[[ Exercise data open ]]

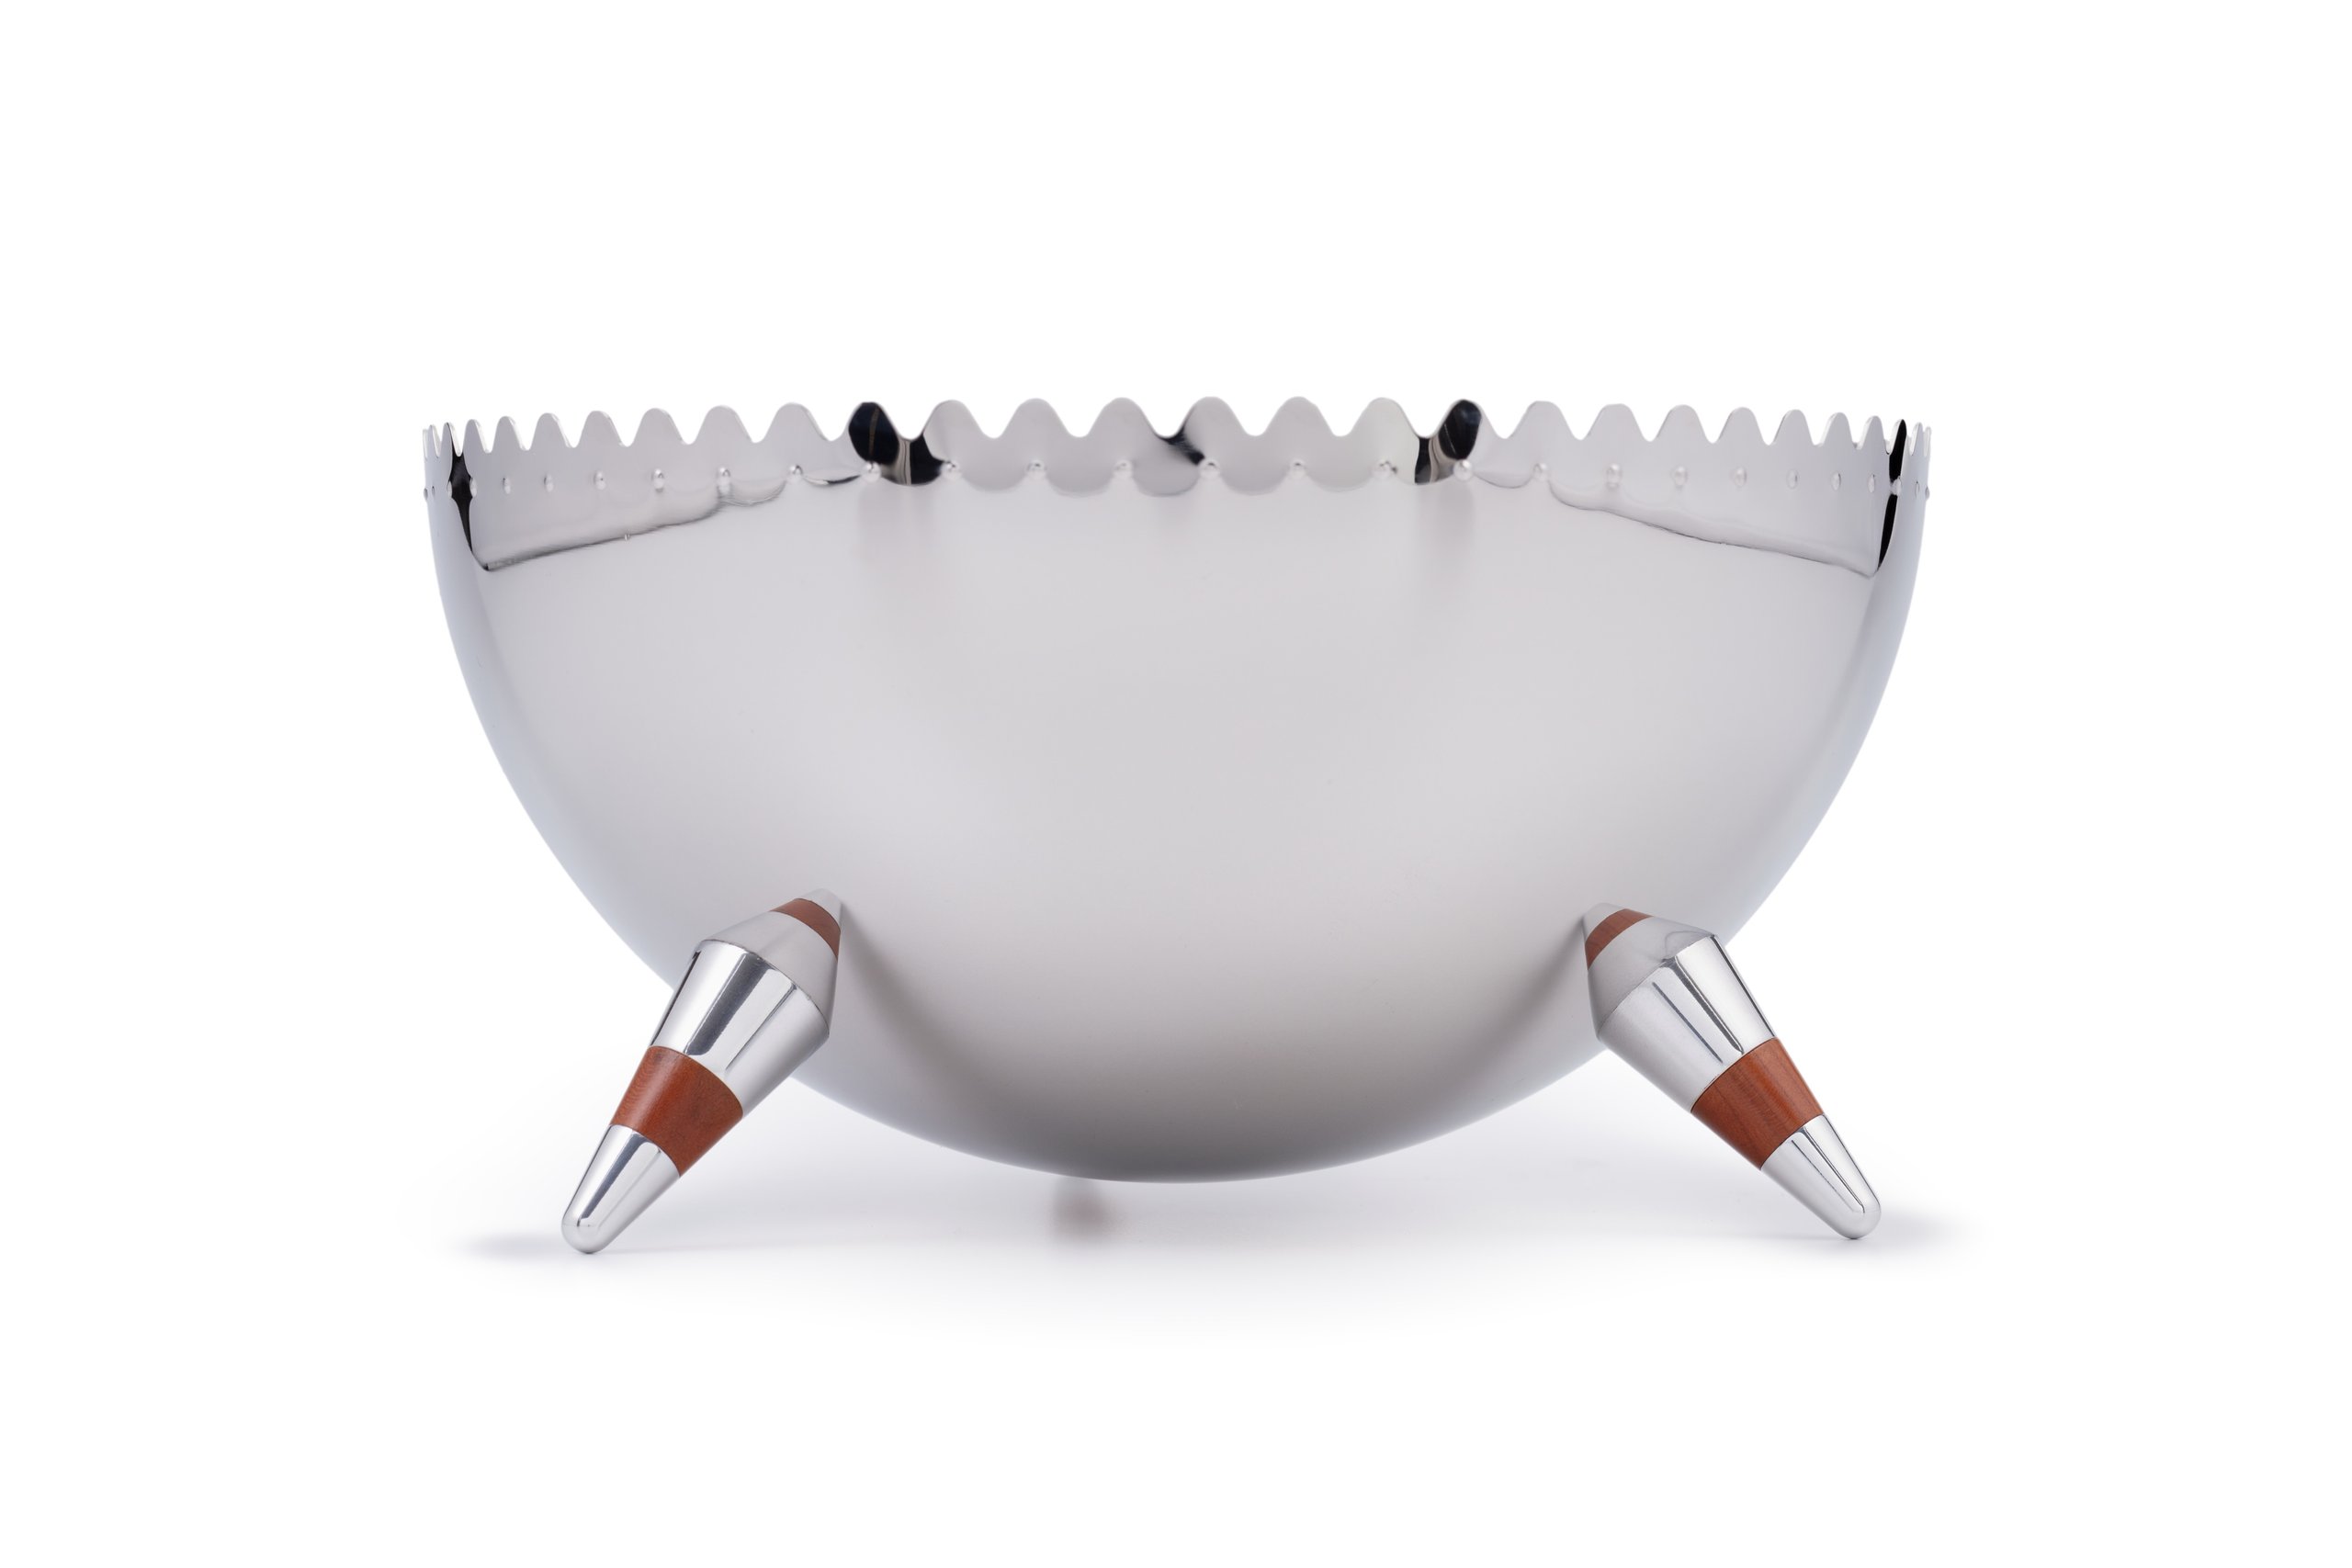 'Chimu' bowl by Joanna Lyle for Alessi
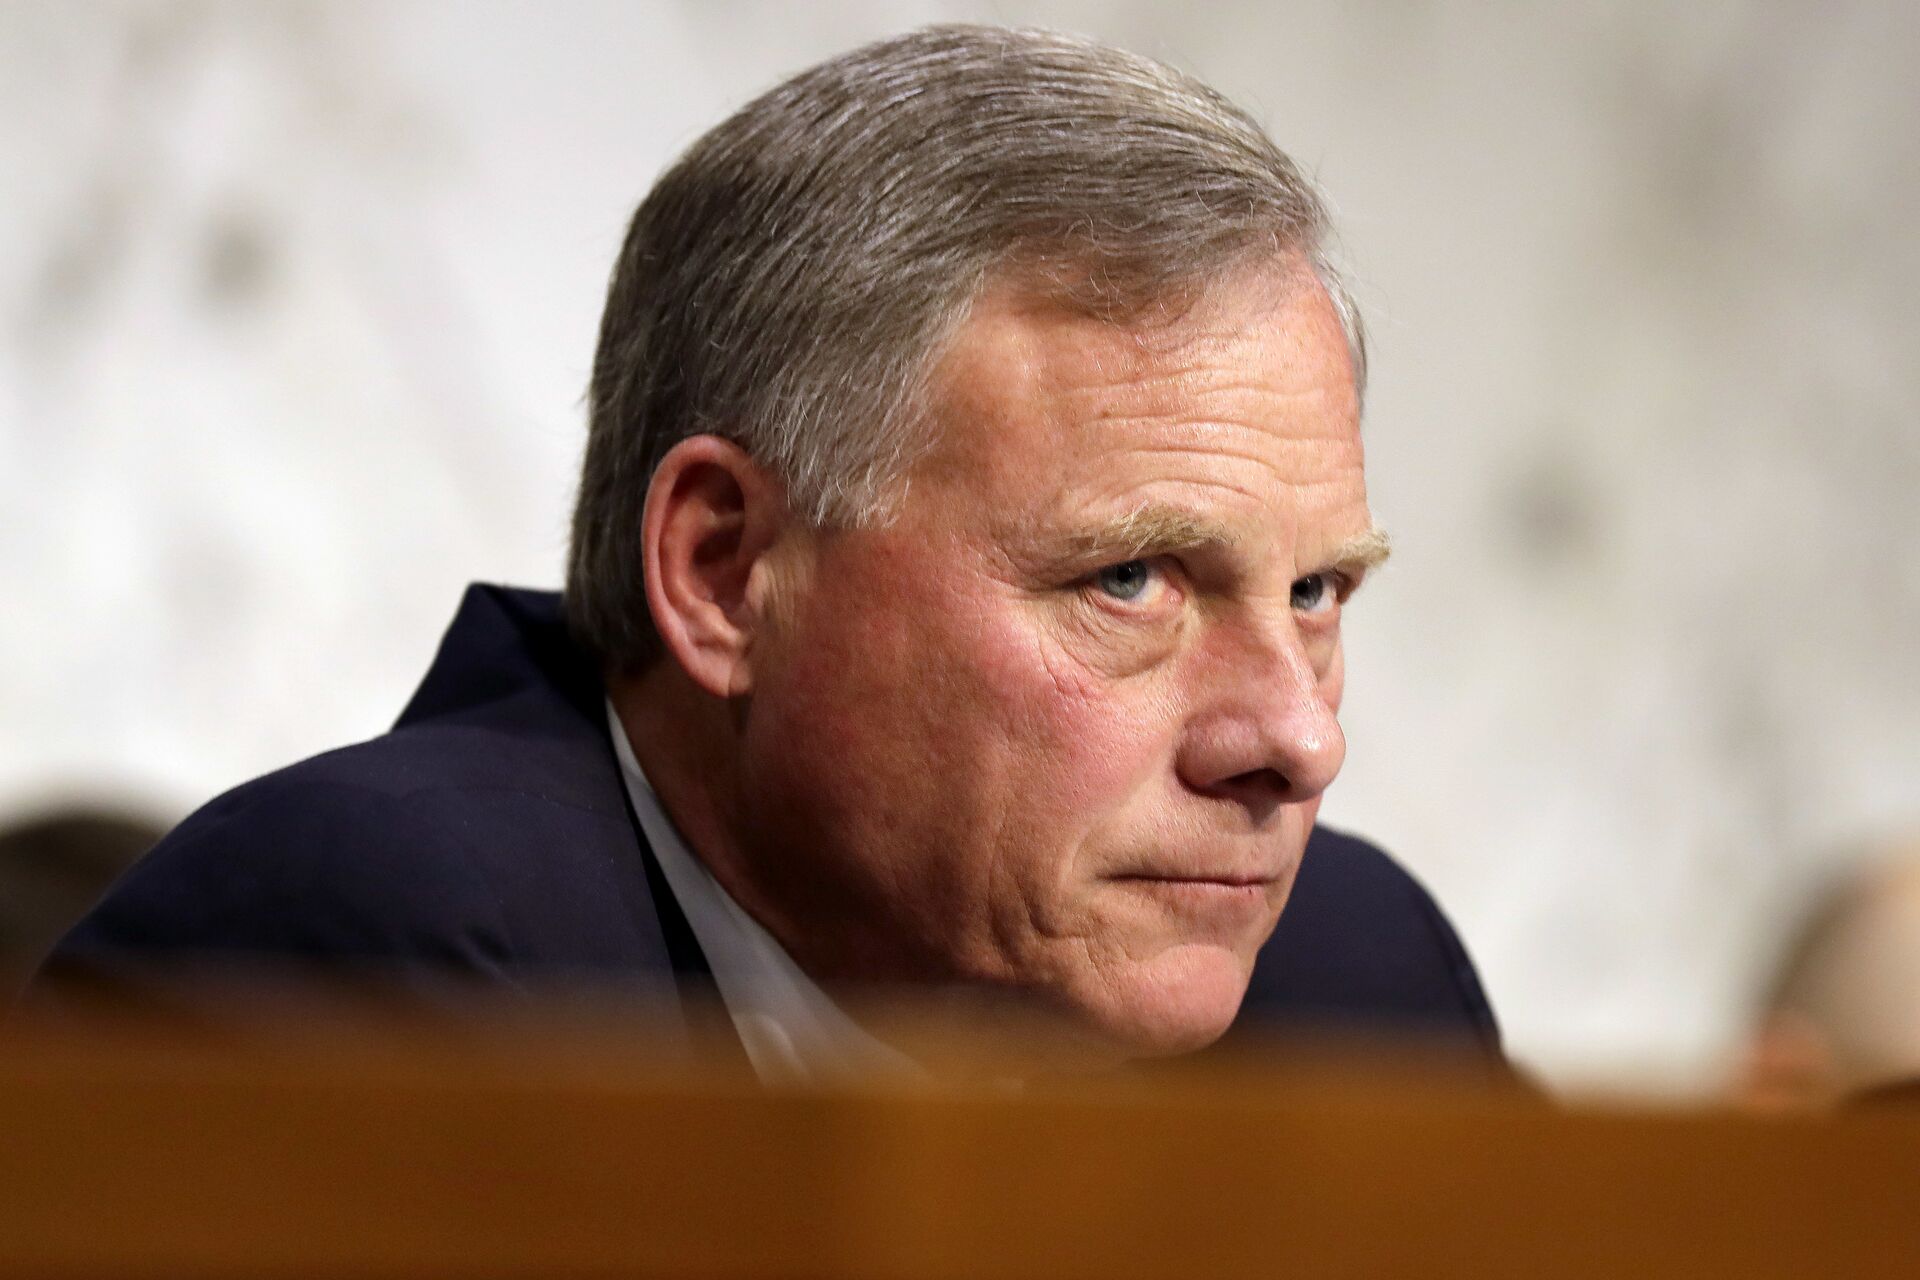 Senate Intelligence Committee Chairman Sen. Richard Burr, R-N.C. listens on Capitol Hill in Washington. Democratic lawmakers and rights groups criticized Burr on June 2, 2017, for seeking the return of copies of a report on CIA treatment of detainees after 9/11, saying he is trying to erase history - Sputnik International, 1920, 15.11.2021
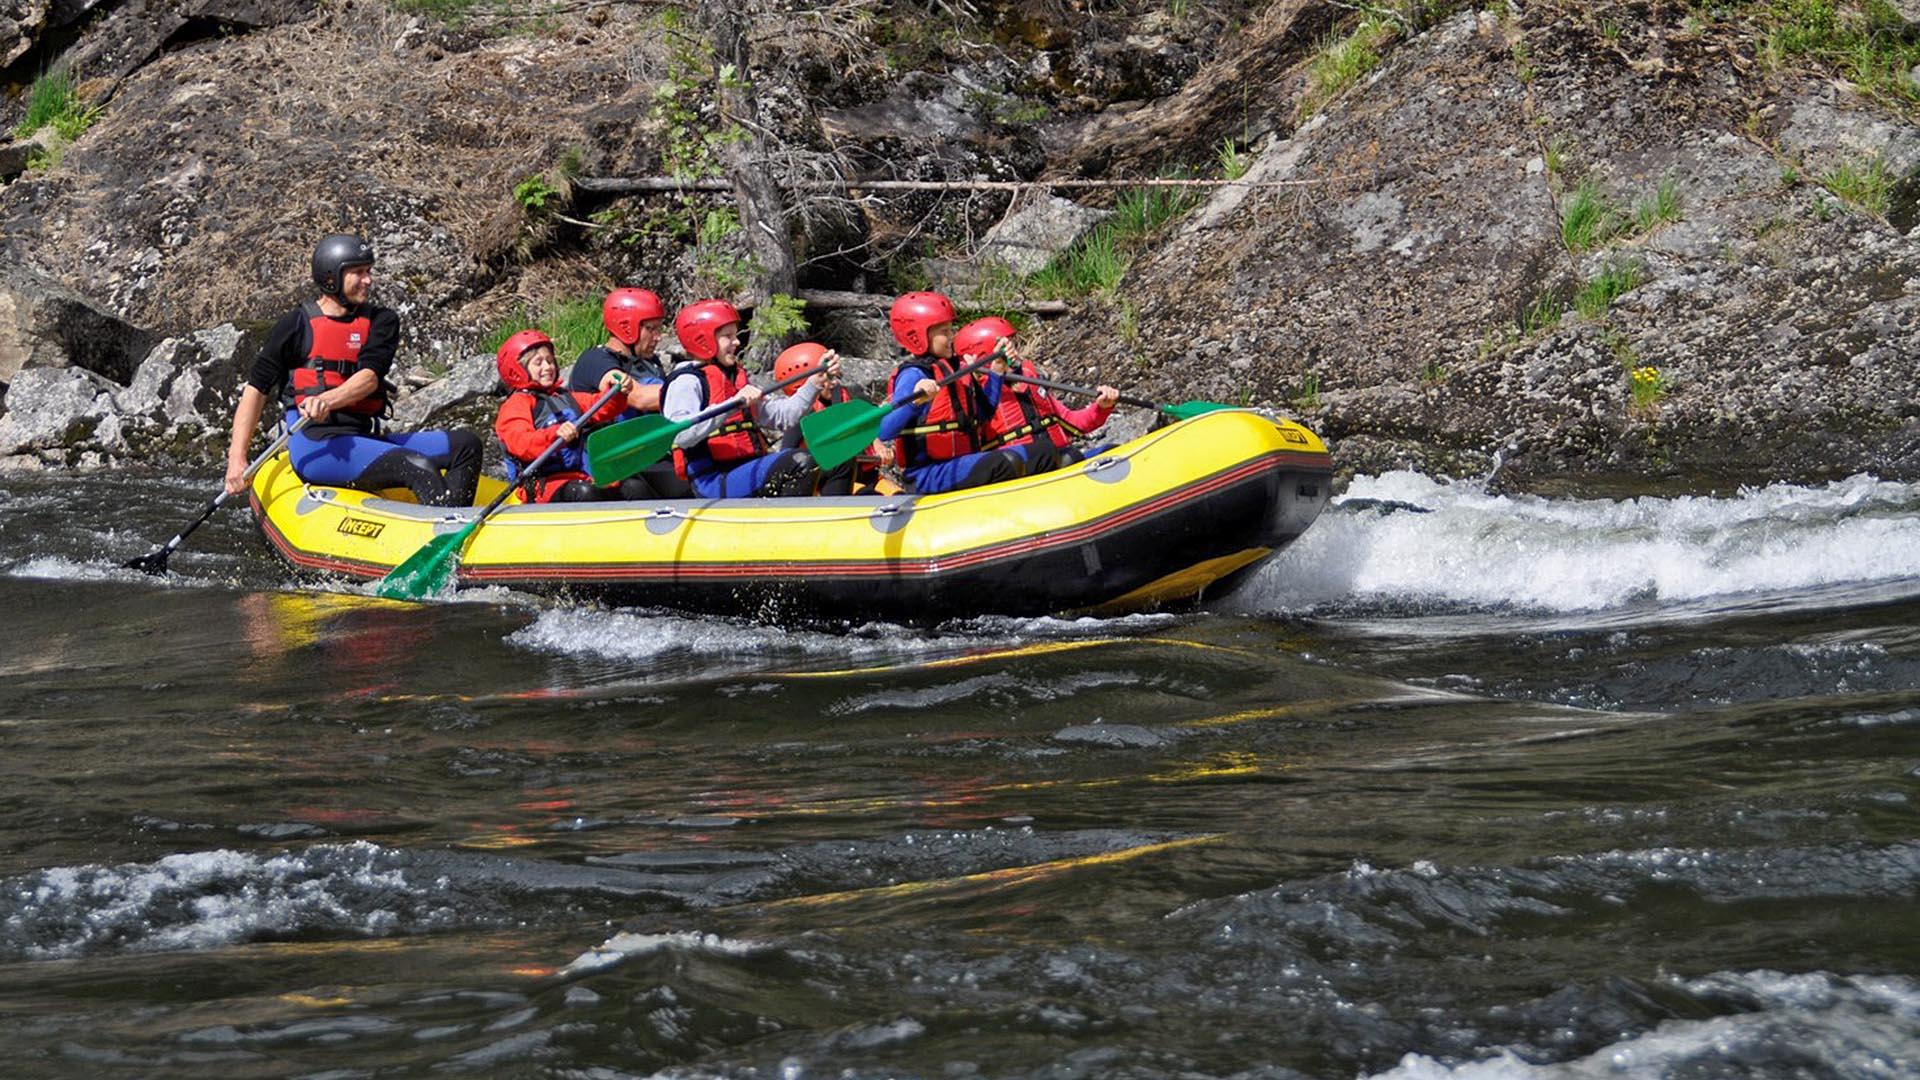 A raft with guide and kids on a river with kind rapids and smooth rocks on the bank.

[[ Exercise data closed ]]

Return the material exactly as it reads, though without the pictures it holds.

 'Chimu' bowl by Joanna Lyle for Alessi
 Senate Intelligence Committee Chairman Sen. Richard Burr, R-N.C. listens on Capitol Hill in Washington. Democratic lawmakers and rights groups criticized Burr on June 2, 2017, for seeking the return of copies of a report on CIA treatment of detainees after 9/11, saying he is trying to erase history - Sputnik International, 1920, 15.11.2021
 A raft with guide and kids on a river with kind rapids and smooth rocks on the bank.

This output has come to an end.